PROVIDED RECORDS -
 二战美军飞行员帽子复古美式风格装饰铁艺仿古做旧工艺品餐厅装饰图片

==

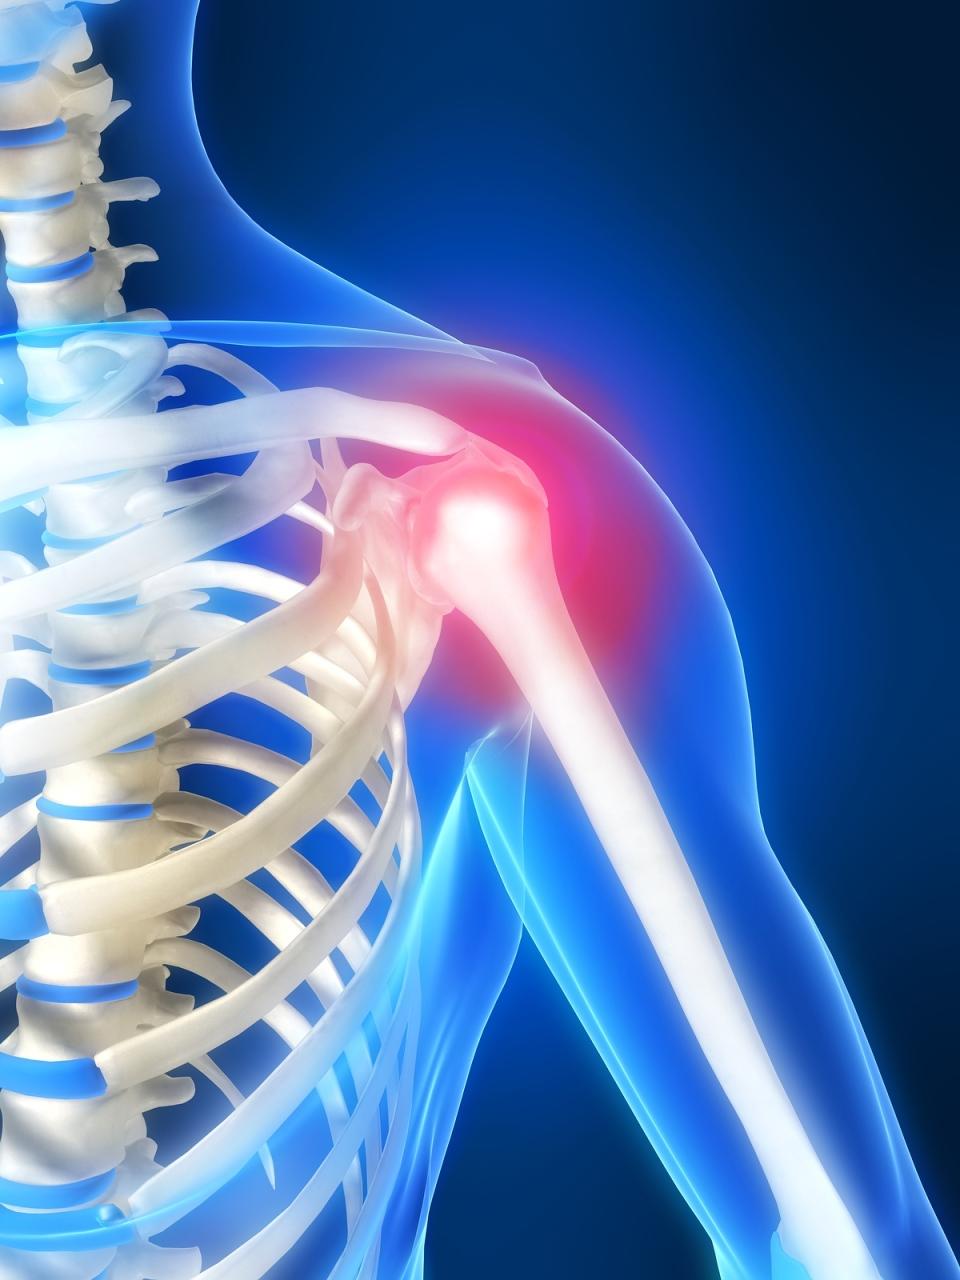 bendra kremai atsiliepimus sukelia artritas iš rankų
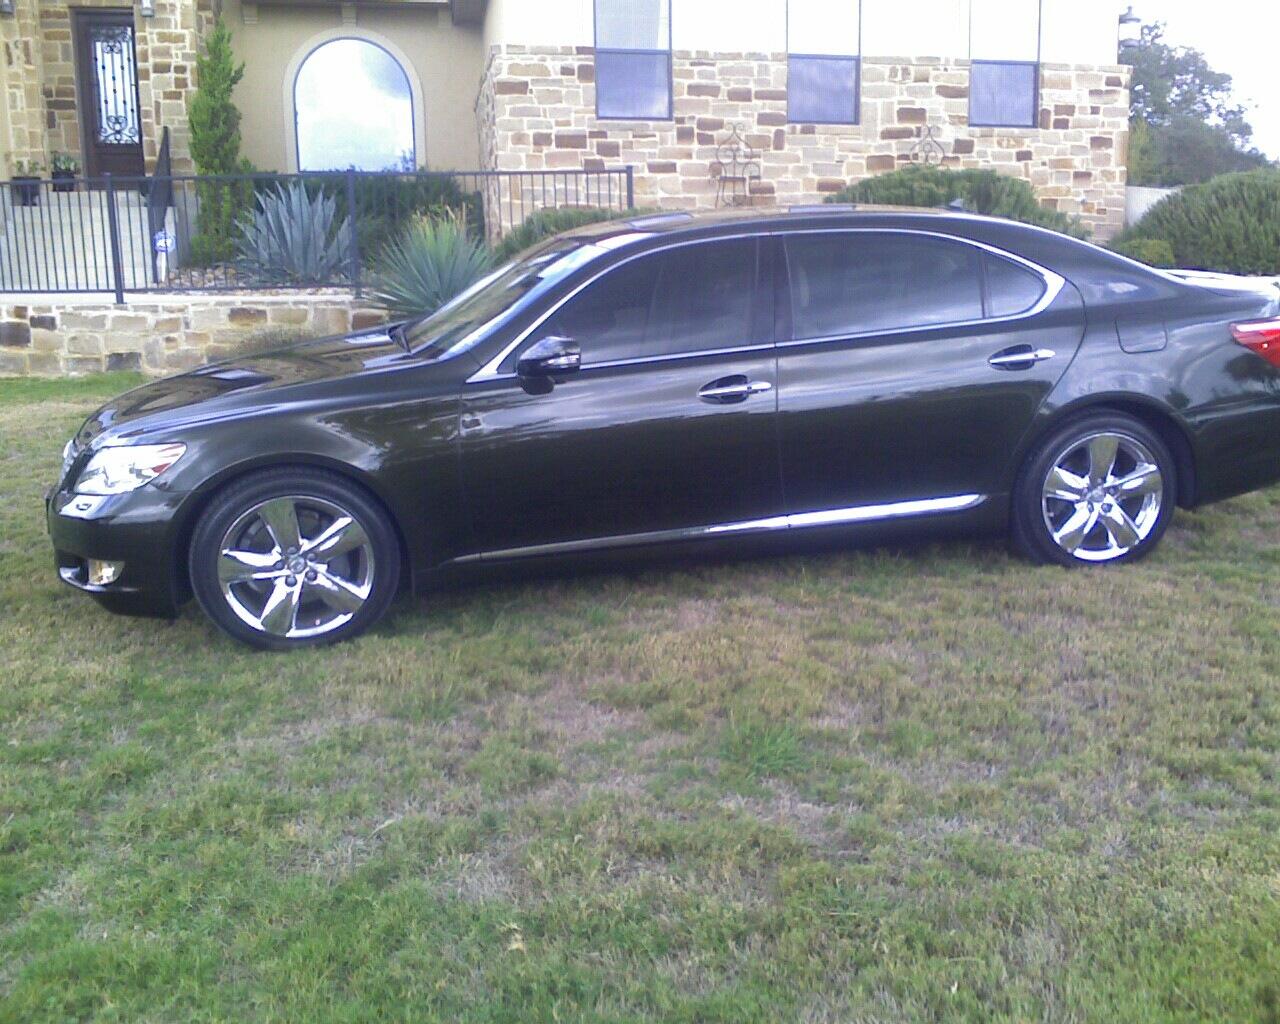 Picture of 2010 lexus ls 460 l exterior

PROBLEM DESCRIPTION - Restate word for word the lines of the data above that begin at the line with "bendra kremai atsiliepimus" and end at the line with "Picture of 2010 lexus ls 460 l exterior", keeping both ends and dropping every picture.

ANSWER BELOW -
 bendra kremai atsiliepimus sukelia artritas iš rankų
 Picture of 2010 lexus ls 460 l exterior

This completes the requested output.